Traceback (most recent call last):
File "nlpnet-train.py", line 244, in <module>
text_reader = create_reader(args, md)
File "nlpnet-train.py", line 48, in create_reader
text_reader = pos.POSReader(md, filename=filename)
File "/usr/local/lib/python2.7/dist-packages/nlpnet/pos/pos_reader.py", line 36, in __init__
self._read_conll(filename)
File "/usr/local/lib/python2.7/dist-packages/nlpnet/pos/pos_reader.py", line 84, in _read_conll
word = fields[ConllPos.word]
IndexError: list index out of range
Data using in POS Training : https://gist.github.com/wannaphongcom/3c366ef6f7f499df1aaa842a8adae04a
The index out of range means that some line does not have the necessary fields. Can you double check your file to make sure all lines have the three fields?

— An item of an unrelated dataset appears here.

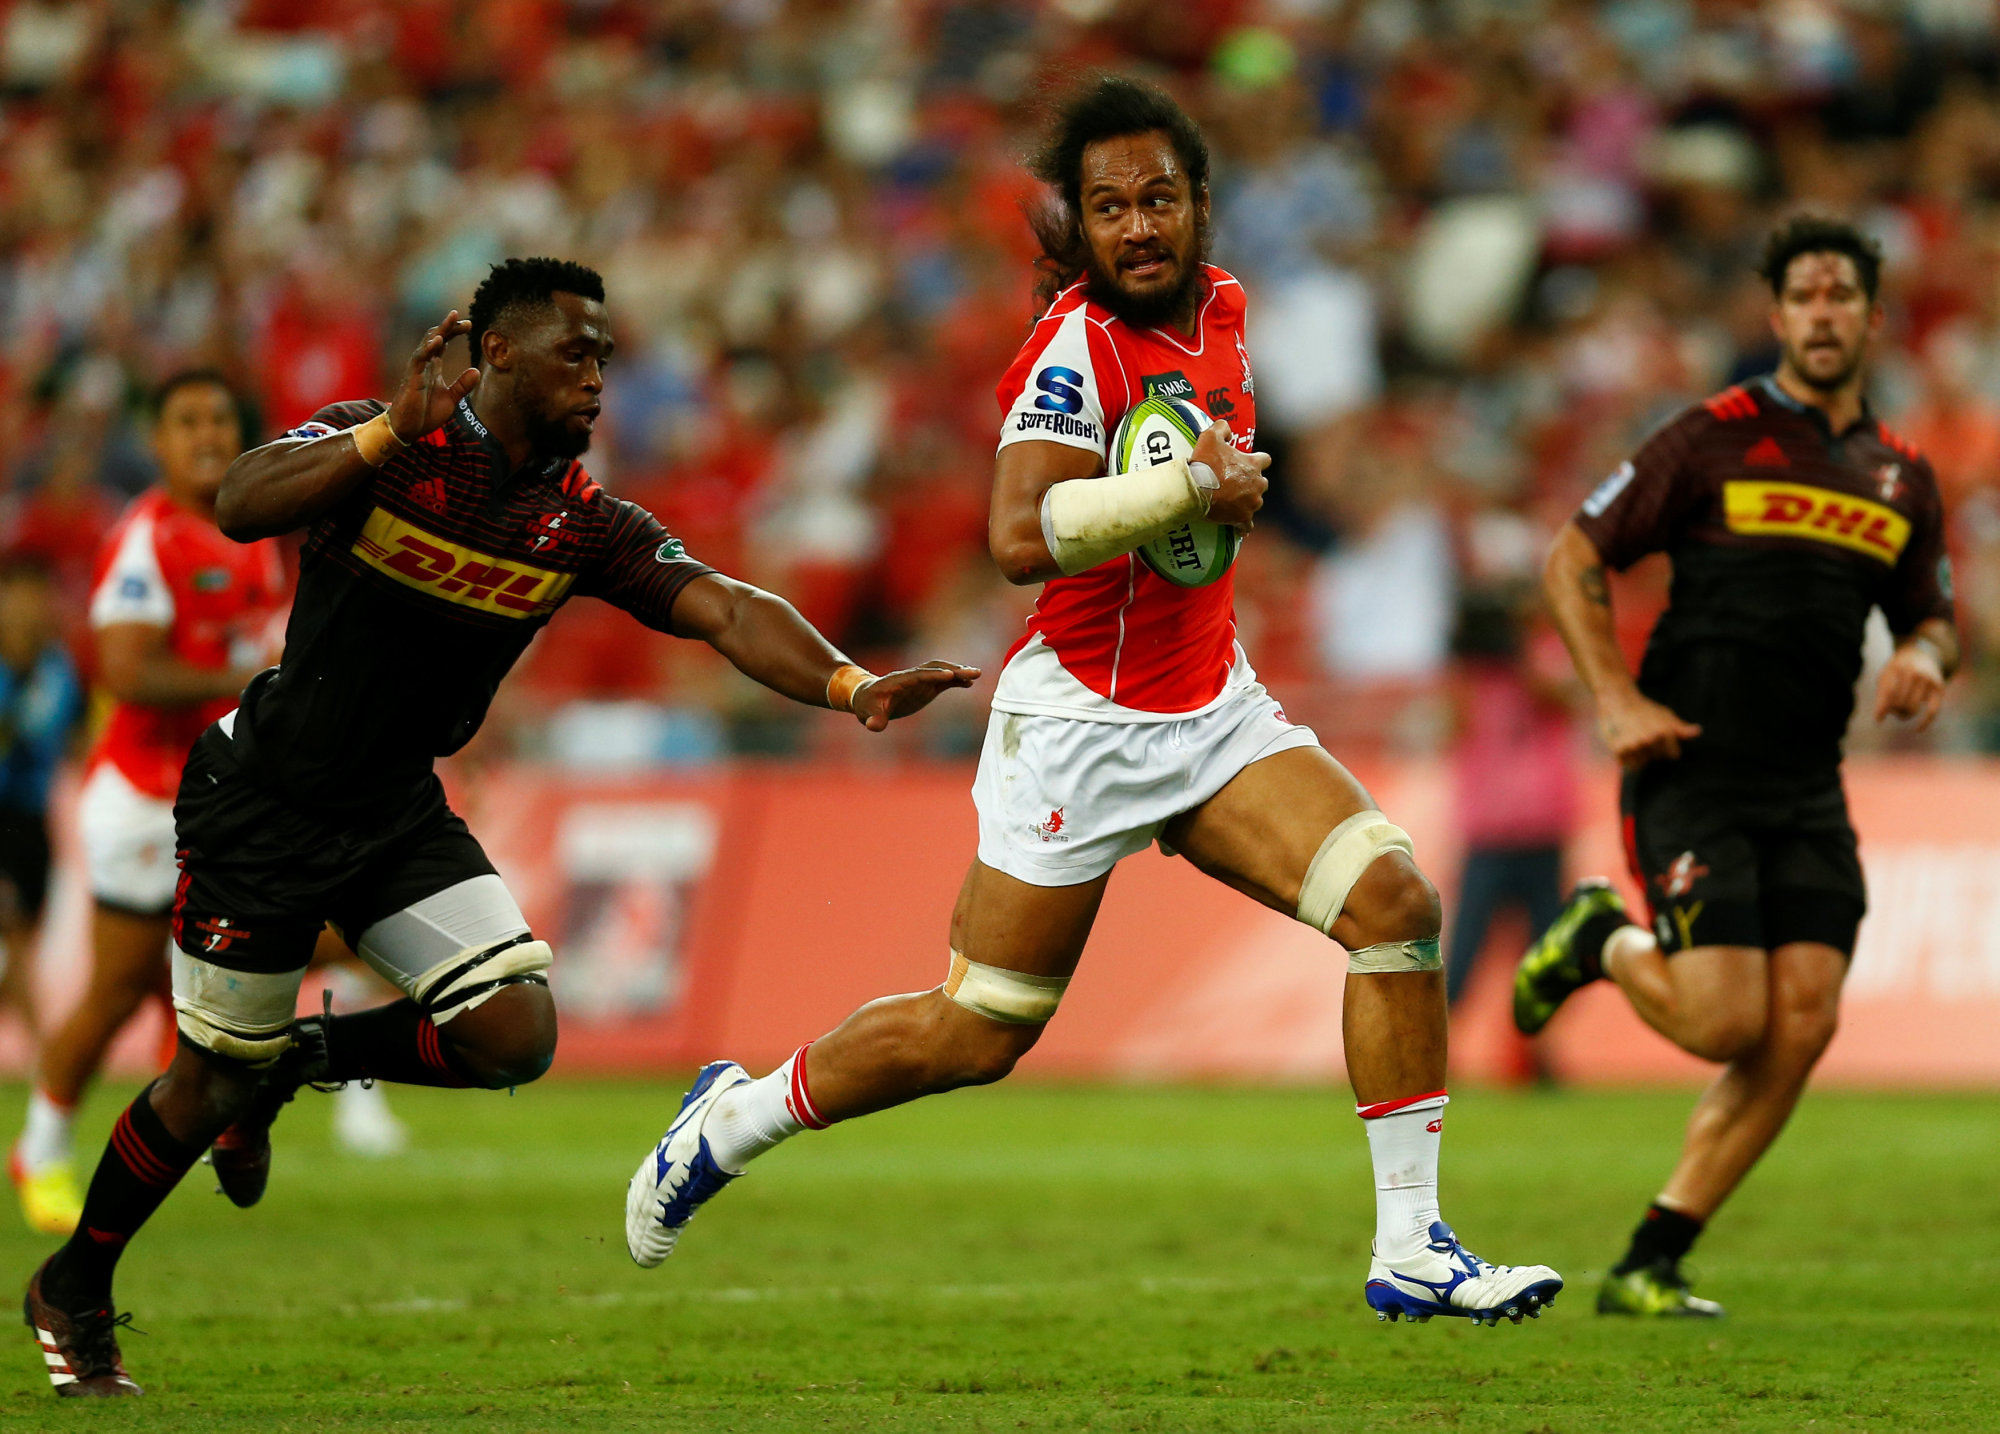 Triumphant Stormers finish strong against Sunwolves

It all lines have the three fields. https://gist.github.com/wannaphongcom/f699176c44f9abde19080a627da22b6c
I just found the problem: nlpnet expects the POS tag to be in the fourth column, as shown here, while your data have it in the third one. This is the default CoNLL format.
@erickrf I try to make a fourth column, but it is also an error exists. https://gist.github.com/wannaphongcom/14bd7805a84a9aa3a974c9714c692d31
Reading training data...
Traceback (most recent call last):
File "nlpnet-train.py", line 244, in <module>
text_reader = create_reader(args, md)
File "nlpnet-train.py", line 48, in create_reader
text_reader = pos.POSReader(md, filename=filename)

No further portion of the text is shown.